Borderless aeasthetics : the new ugly
Sandra Jovanovska, 2024, master's thesis

Abstract: Through the lens of ugliness, the purpose of this Master’s thesis is to explore a potential model of a new unrestricted aesthetics. I, hereby, refer to an aesthetics beyond its canonical order, an individualistically-driven scheme of standards or perhaps no standards at all. All can be simplified with Eco’s quote on the opposition of the beautiful and the ugly: ’A beautiful nose shouldn’t be longer than that or shorter than that, on the contrary, an ugly nose can be as long as the one of Pinocchio, or as big as the trunk of an elephant, or like the beak of an eagle, and so ugliness is unpredictable, and offers an infinite range of possibility’. While the aesthetics of beauty has already positioned framework of rules in regards to proportion, symmetry, and harmony, the aesthetics of ugliness has no particular guidelines and limitations whatsoever.

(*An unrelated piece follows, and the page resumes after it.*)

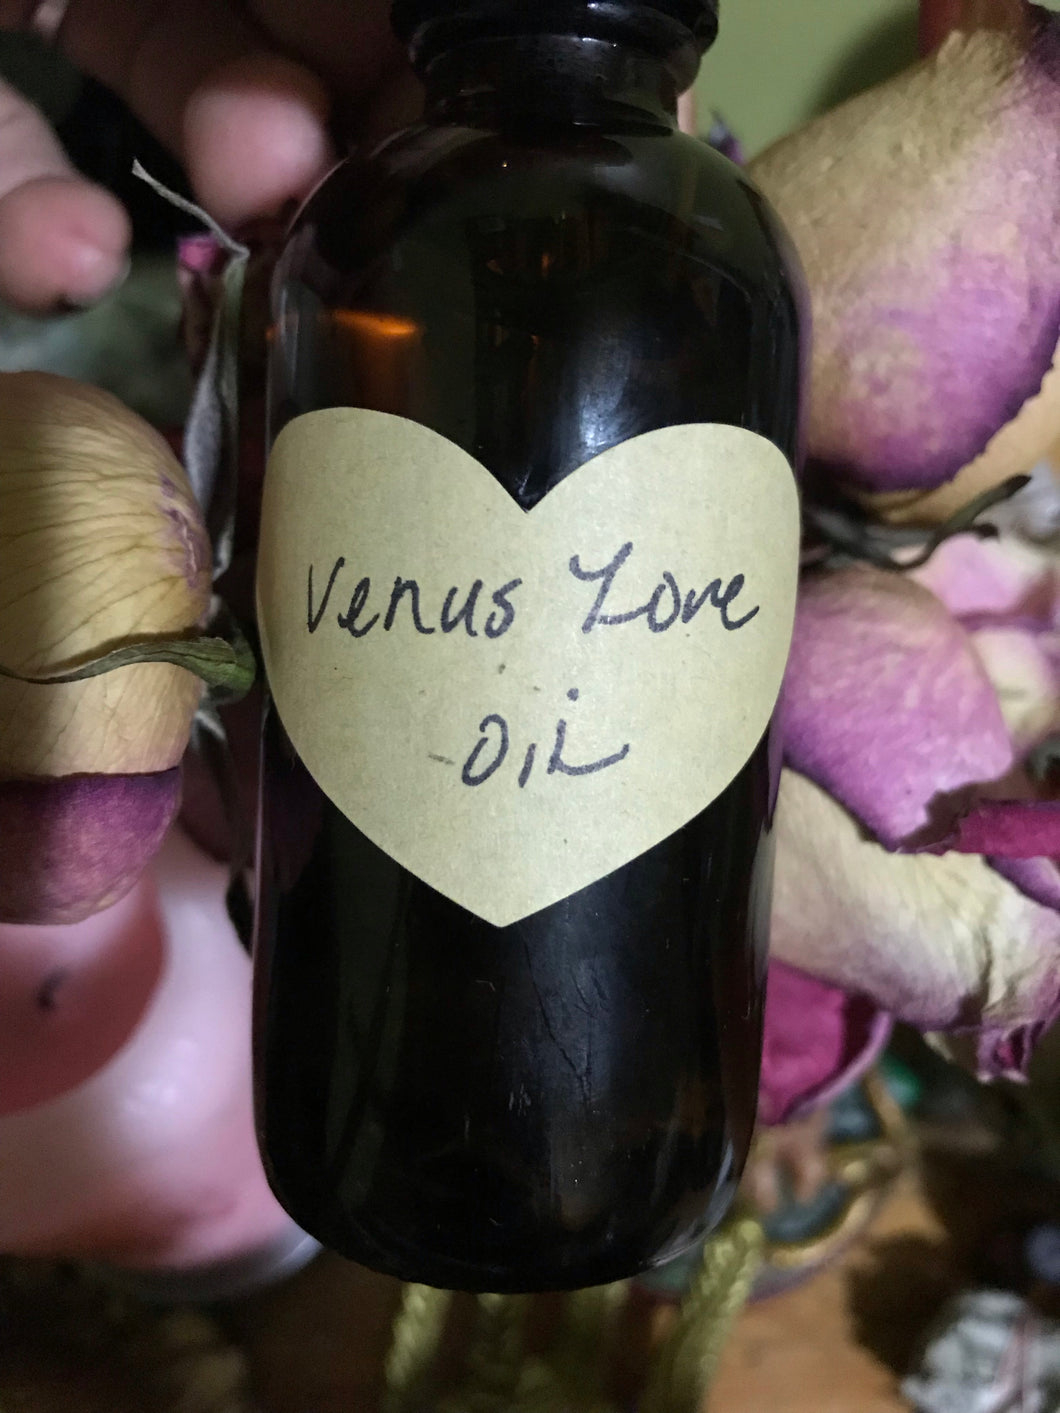 Venus Love Oil

Unlike the beautiful, what we perceive as ugly doesn’t have its lawfulness, because for a long time in the history of art, ugliness was just the opposite face of beauty. As a consequence, the ugly embodies a big category of undetermined standards in visual arts and culture, which leads to it becoming a large unmapped territory of boundless autonomy. The ugly is in that context the key to facing and unleashing our phenomenological fears of bleak dark deformed realities that lie unchallenged and unaddressed on account of ugliness’ taboo status. Thus, when familiarised, I believe ugliness in art has a powerful impact, a quality that we have to yet begin to understand to get a full image of ourselves, for if we rely on beauty, as we did for such a long time in history, we are depriving ourselves of a true holistic proportion in art.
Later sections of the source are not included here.